▶ **YOUR OBJECTIVE**
Without including any pictures, please copy every entry below exactly.

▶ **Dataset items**
-- Opening Marker --

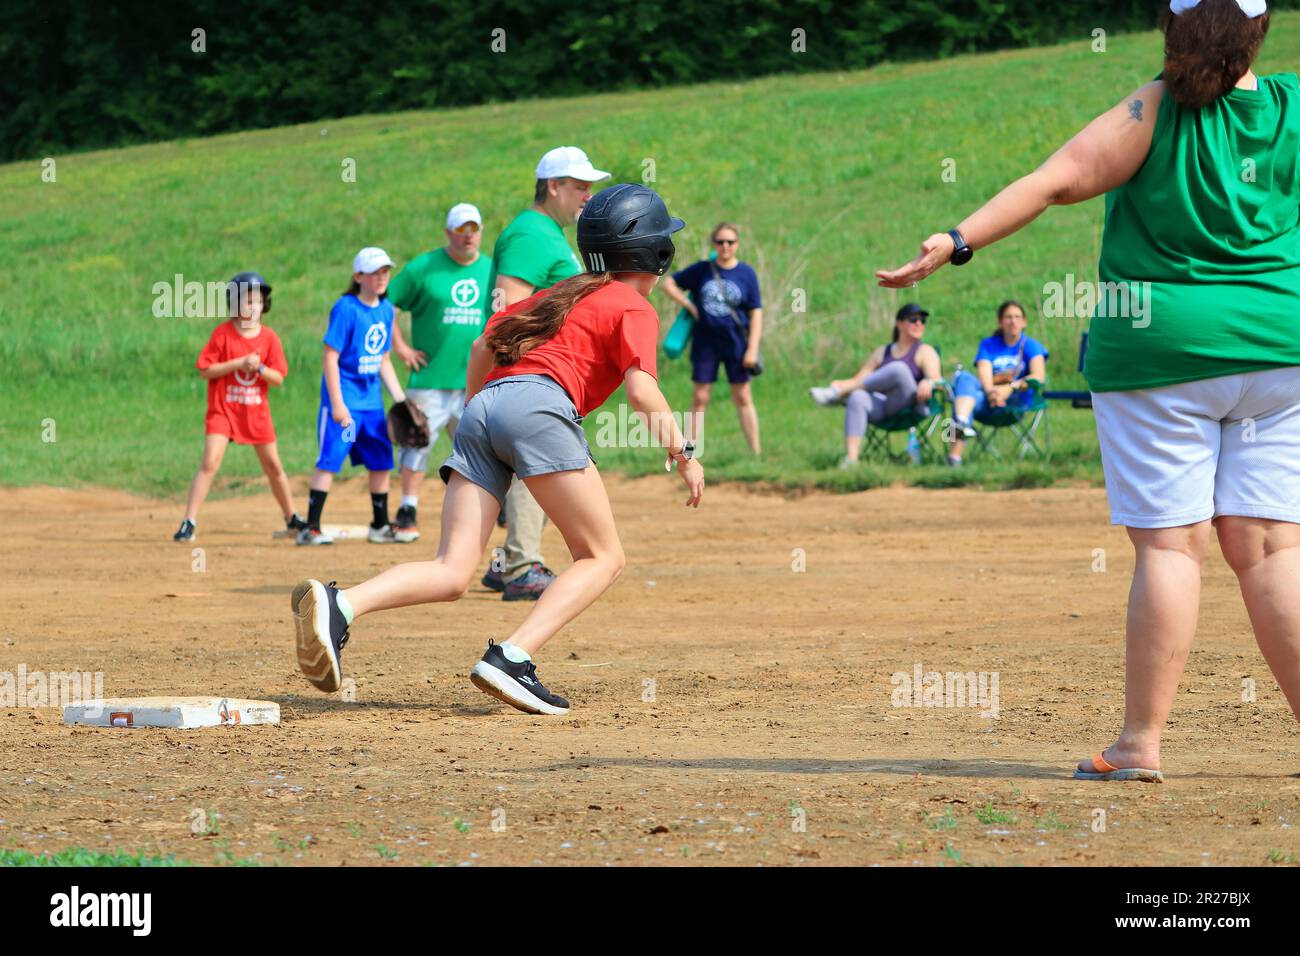 Preteen girls running towards home plate during a softball game Stock Photo
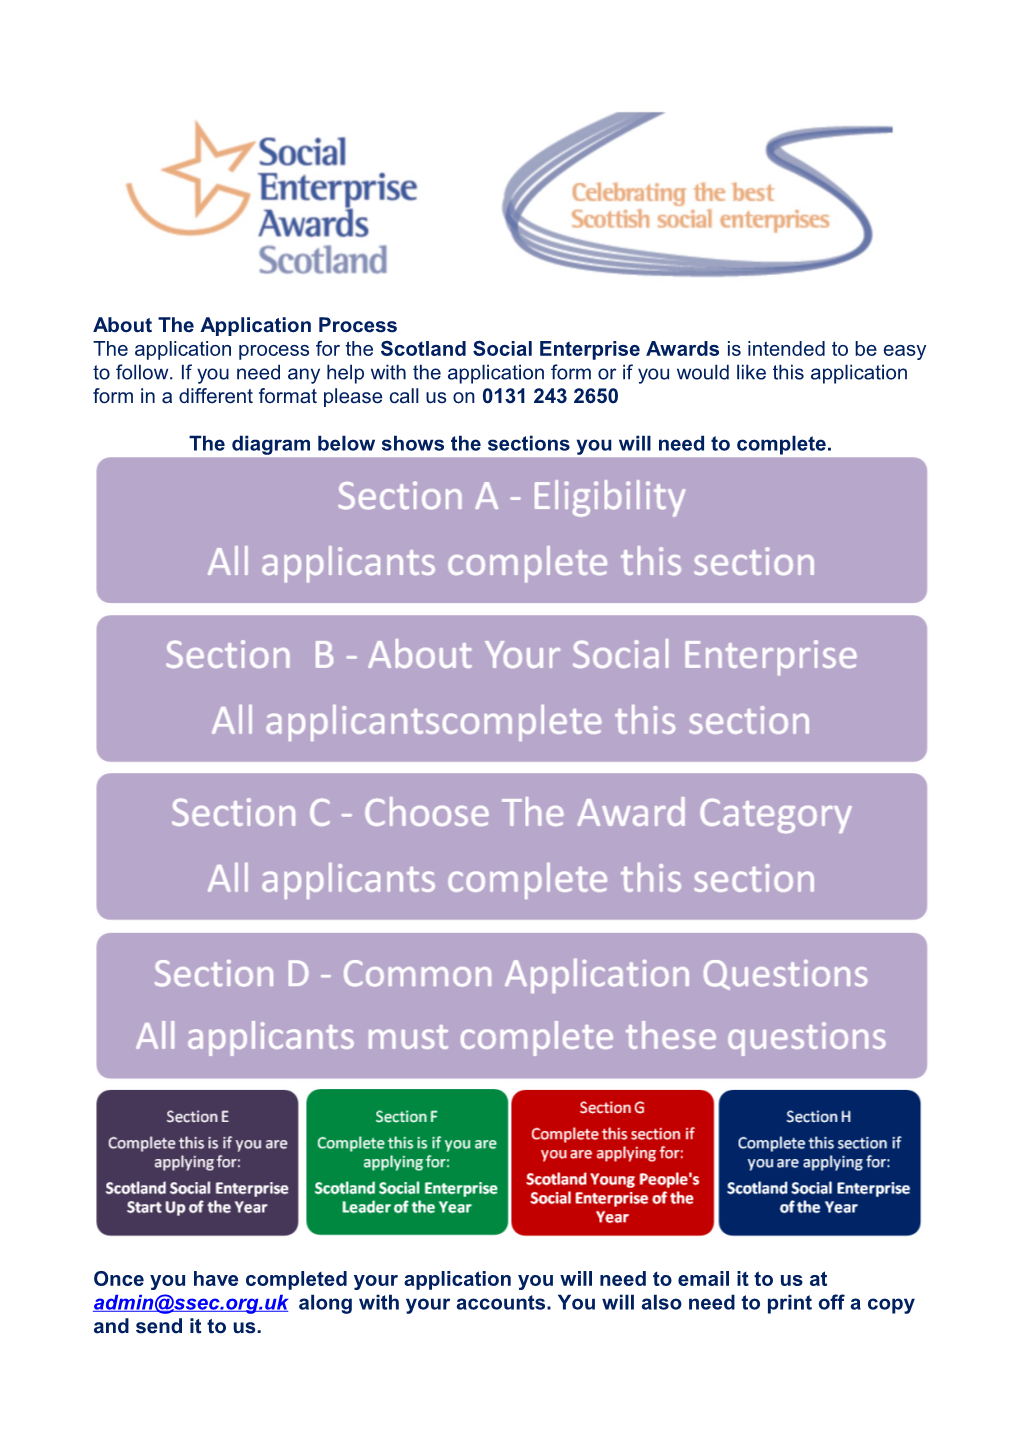 About the Application Process
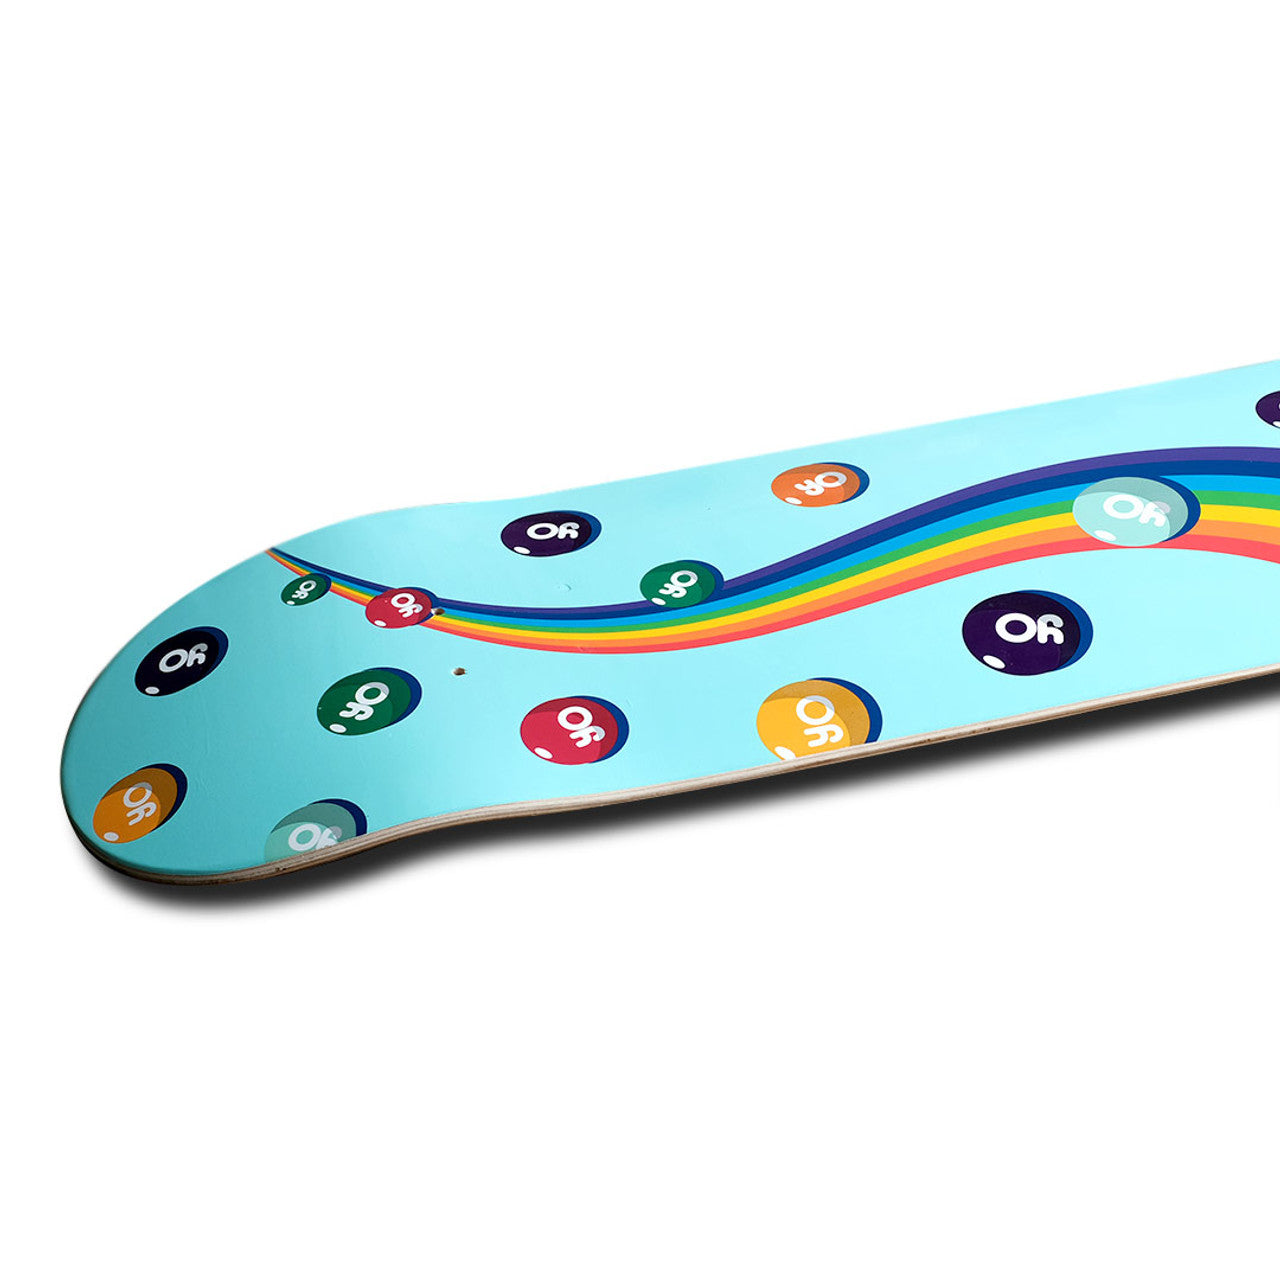 Yocaher Graphic Skateboard Deck  - CANDY Series - Sweet
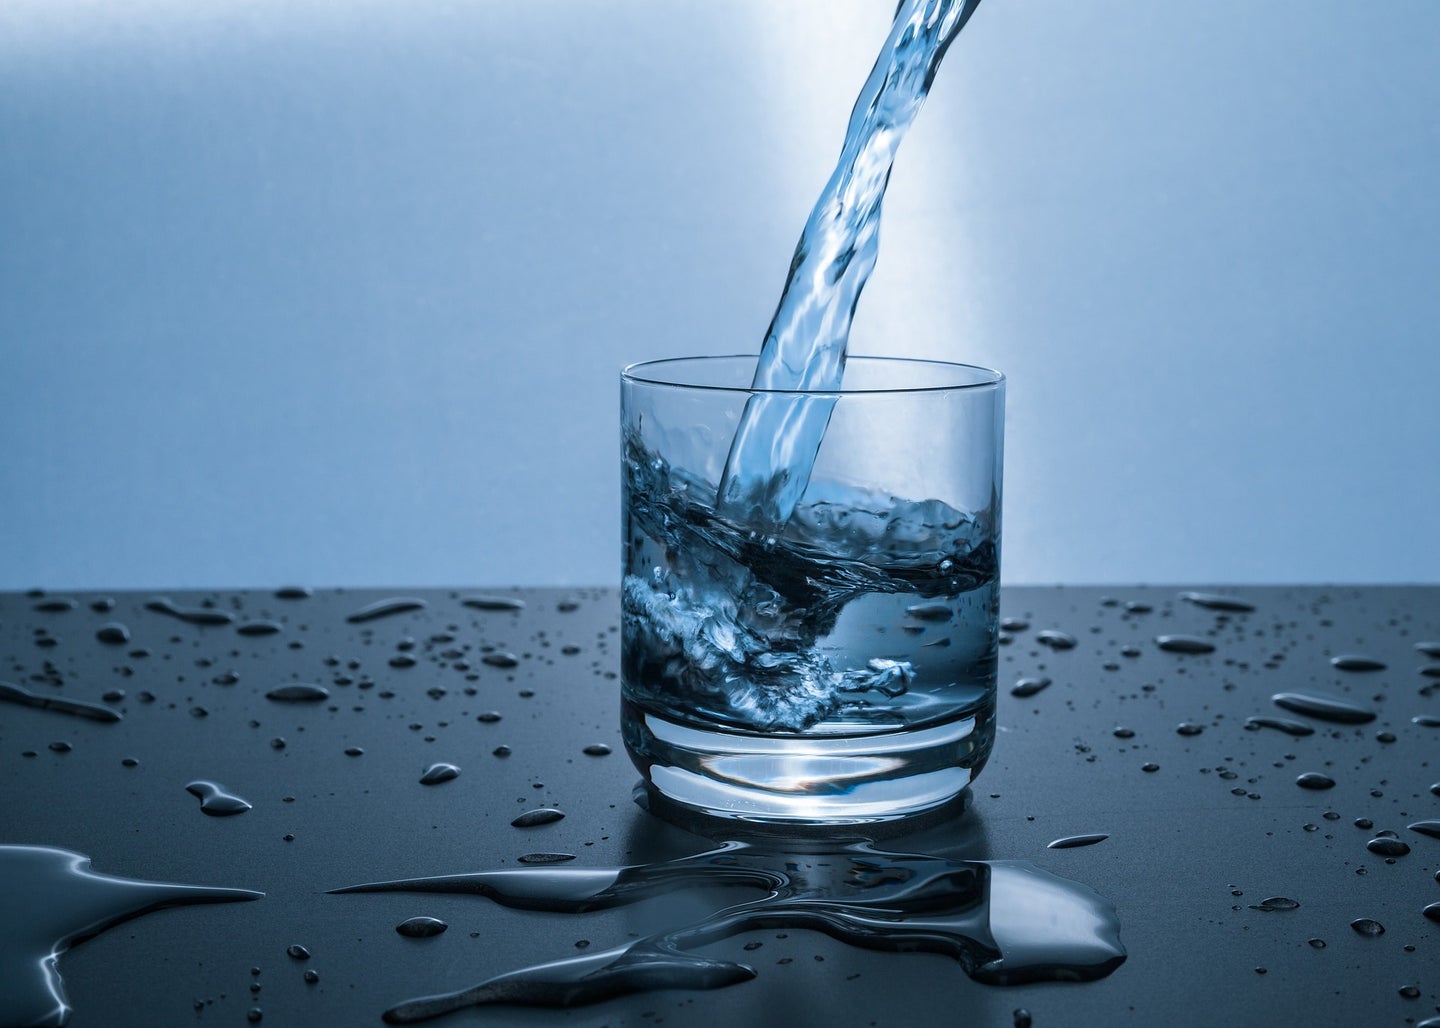 Water is poured into a short, clear glass from above against a blue background.
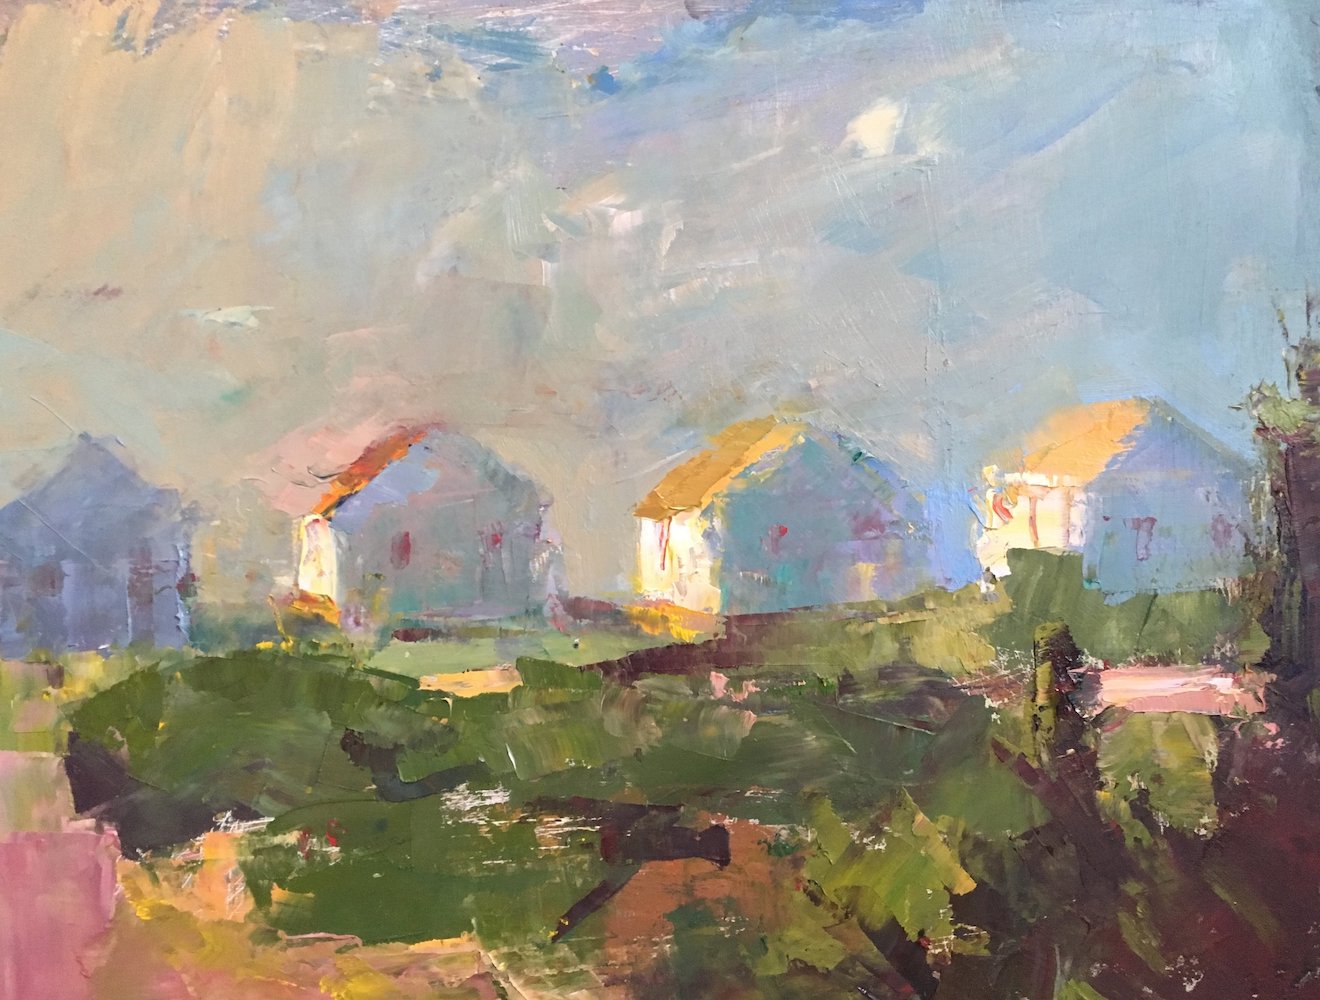 Sky Between, Plein Air Oil Painting by Mary Giammarino
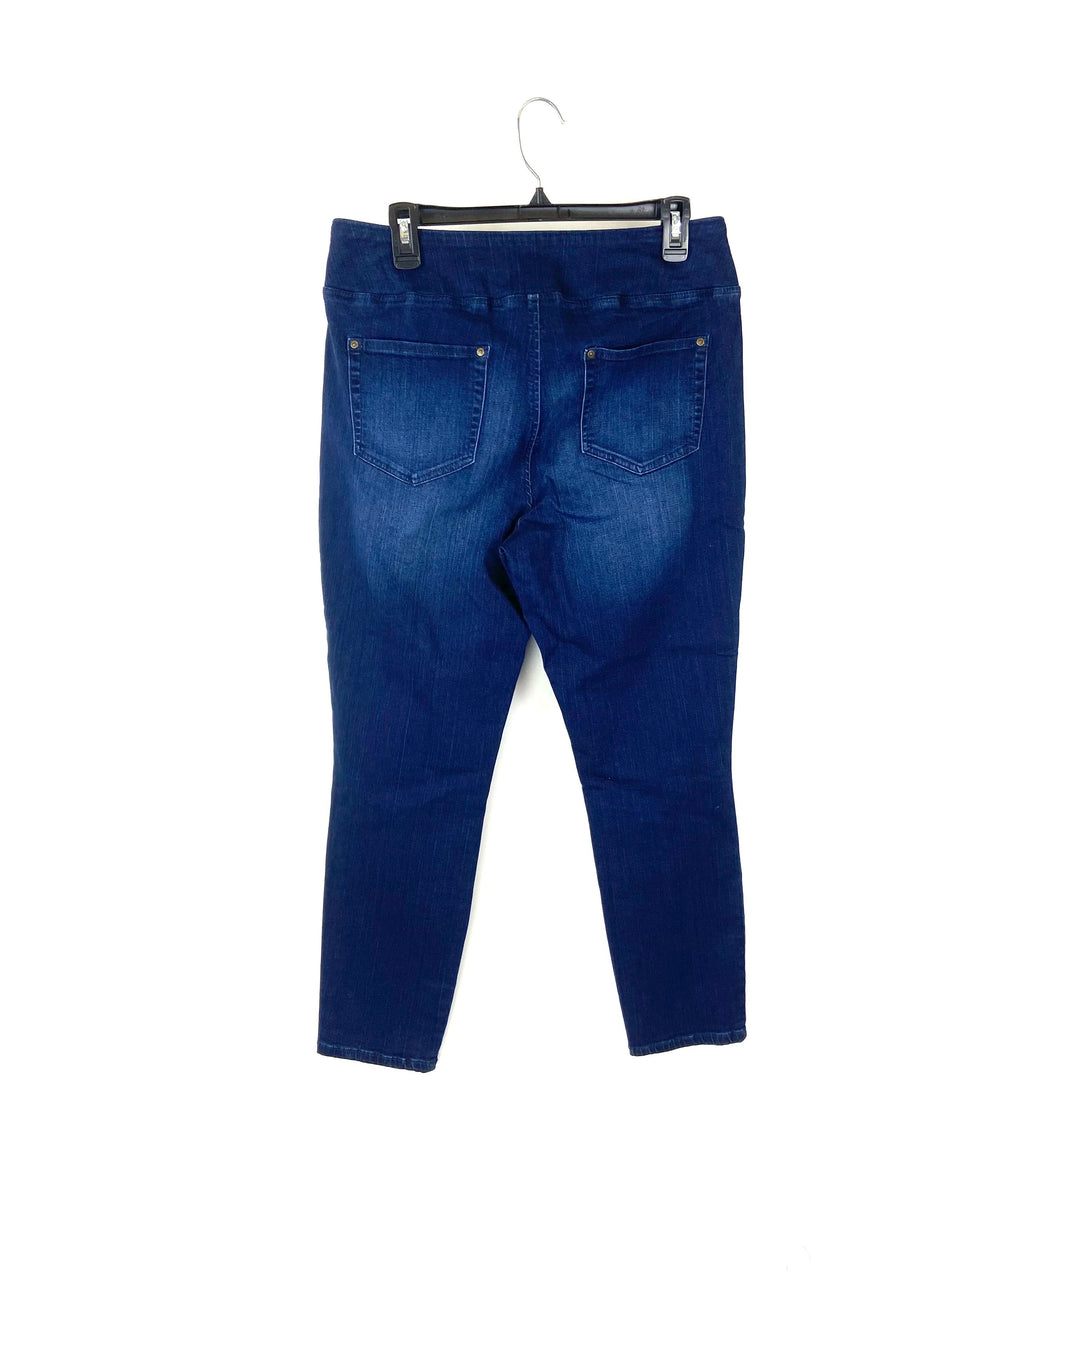 Midnight Blue Jeans - Size 12/14

-- Closing Marker --

▶ **RESULT BELOW**
 Preteen girls running towards home plate during a softball game Stock Photo
 About the Application Process
 Yocaher Graphic Skateboard Deck  - CANDY Series - Sweet
 Water is poured into a short, clear glass from above against a blue background.
 Sky Between, Plein Air Oil Painting by Mary Giammarino
 Midnight Blue Jeans - Size 12/14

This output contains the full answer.